Wake up, people.
All of this noise about machines taking your job isn’t science fiction. It’s happening now, and IBM’s Watson is just the beginning.
Even the White House is raising a few red flags. Tom Hood quoted a 2016 presidential report in a thought-provoking LinkedIn article: “Accelerating artificial intelligence capabilities … will open up new opportunities for individuals, the economy, and society, but they have the potential to disrupt the current livelihoods of millions of Americans."
Your livelihood is one of them. So is mine.
So what do we do?
Our first step is to stop clinging to the status quo. “If your job can be replaced by a robot,” Sage genius Ed Kless said recently, “your job probably sucks.”
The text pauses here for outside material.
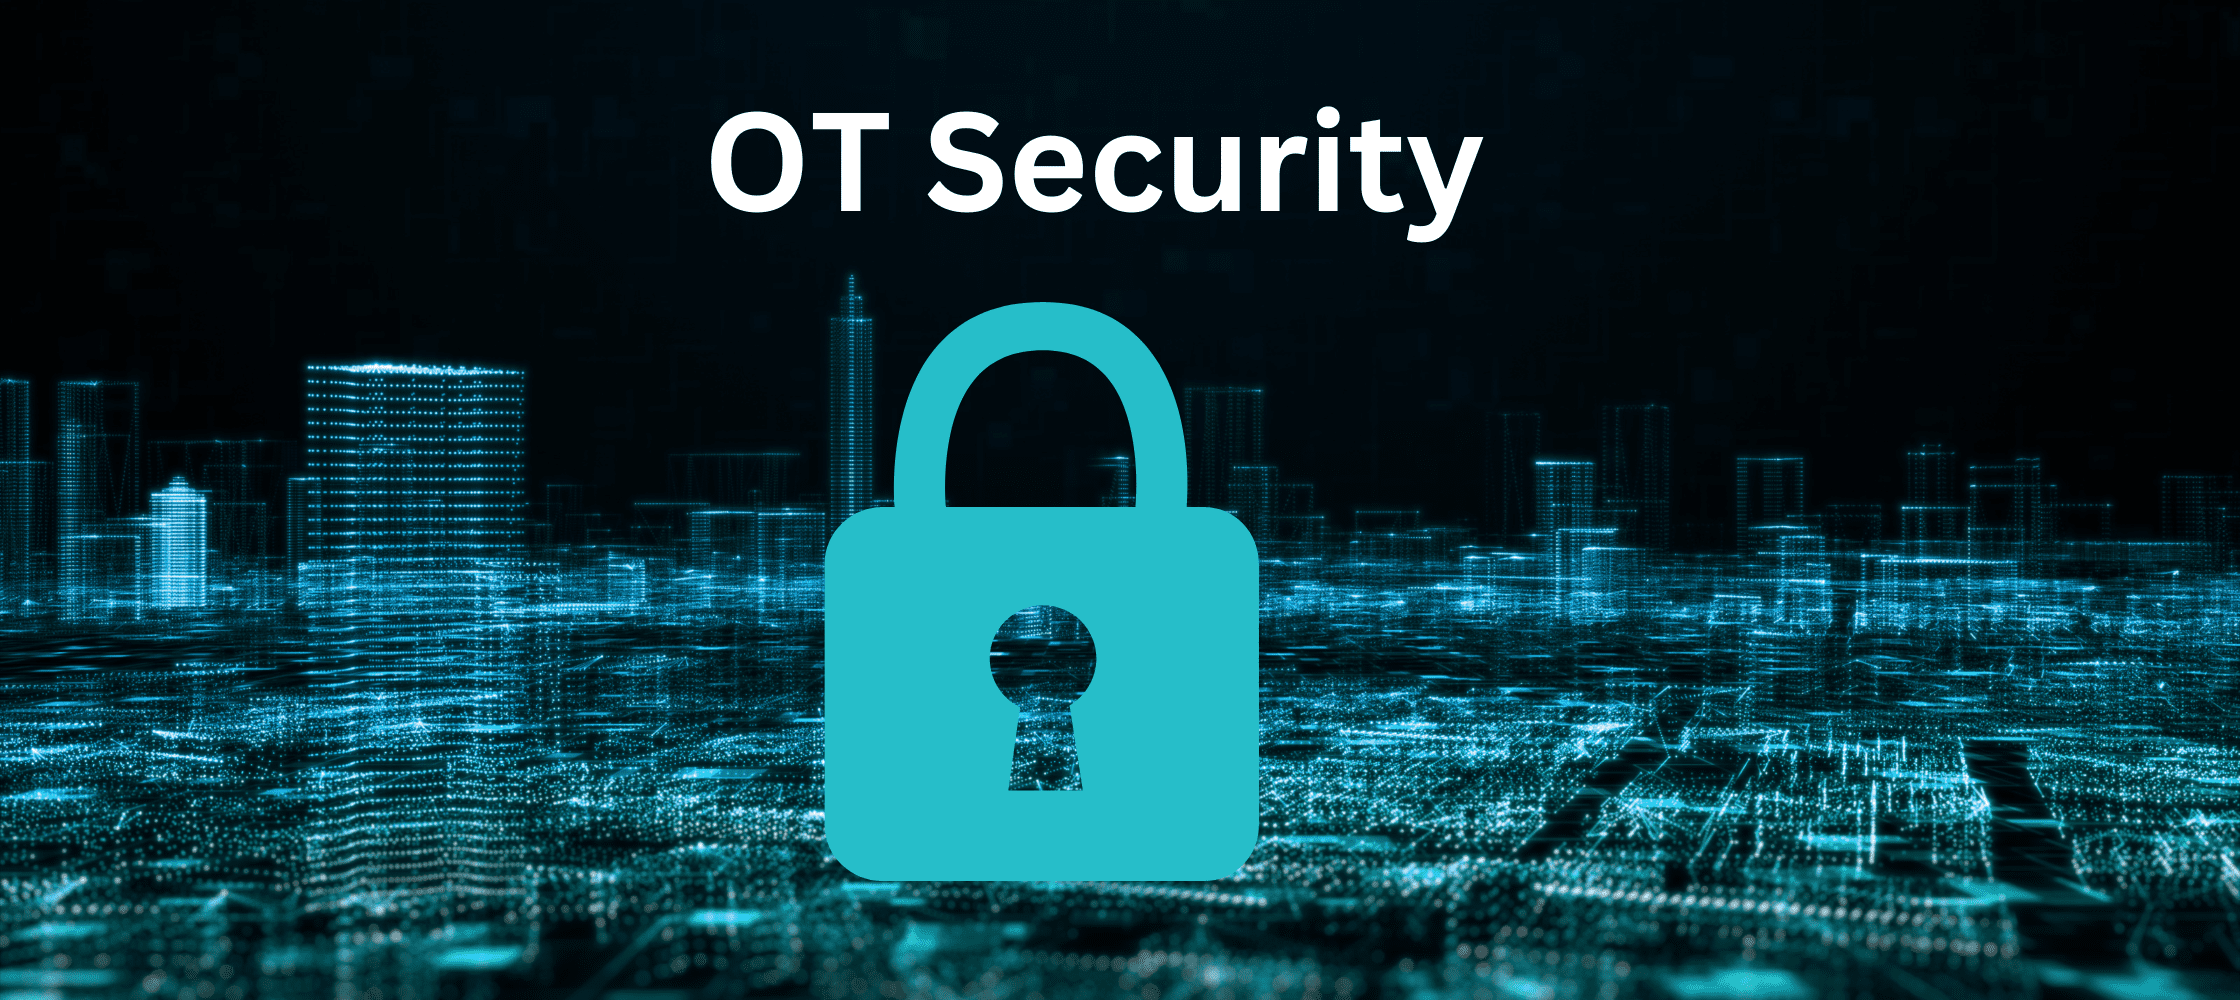 OT security

Our next step is to figure out how to stay relevant in the Age of Machines. As usual, Seth Godin has a brilliant answer:
“The future of A.I. is probably a lot like the past: It nibbles. Artificial intelligence does a job we weren't necessarily crazy about doing anyway, it does it quietly, and well, and then we take it for granted. No one complained when their thermostat took over the job of building a fire, opening the grate, opening a window, rebuilding a fire. And no one complained when the computer found 100 flights faster and better than we ever could.
“But the system doesn't get tired. It keeps nibbling. Not with benign or mal intent, but with a focus on a clearly defined task.
“This can't help but lead to unintended consequences, enormous when they happen to you, and mostly small in the universal scheme of things. Technology destroys the perfect and then it enables the impossible.
“The question each of us has to ask is simple (but difficult): What can I become quite good at that's really difficult for a computer to do one day soon? How can I become so resilient, so human and such a linchpin that shifts in technology won't be able to catch up?
“It was always important, but now it's urgent.”
Interesting, isn’t it, how in this age of technological acceleration and artificial intelligence, our competitive advantage might just be our own humanity.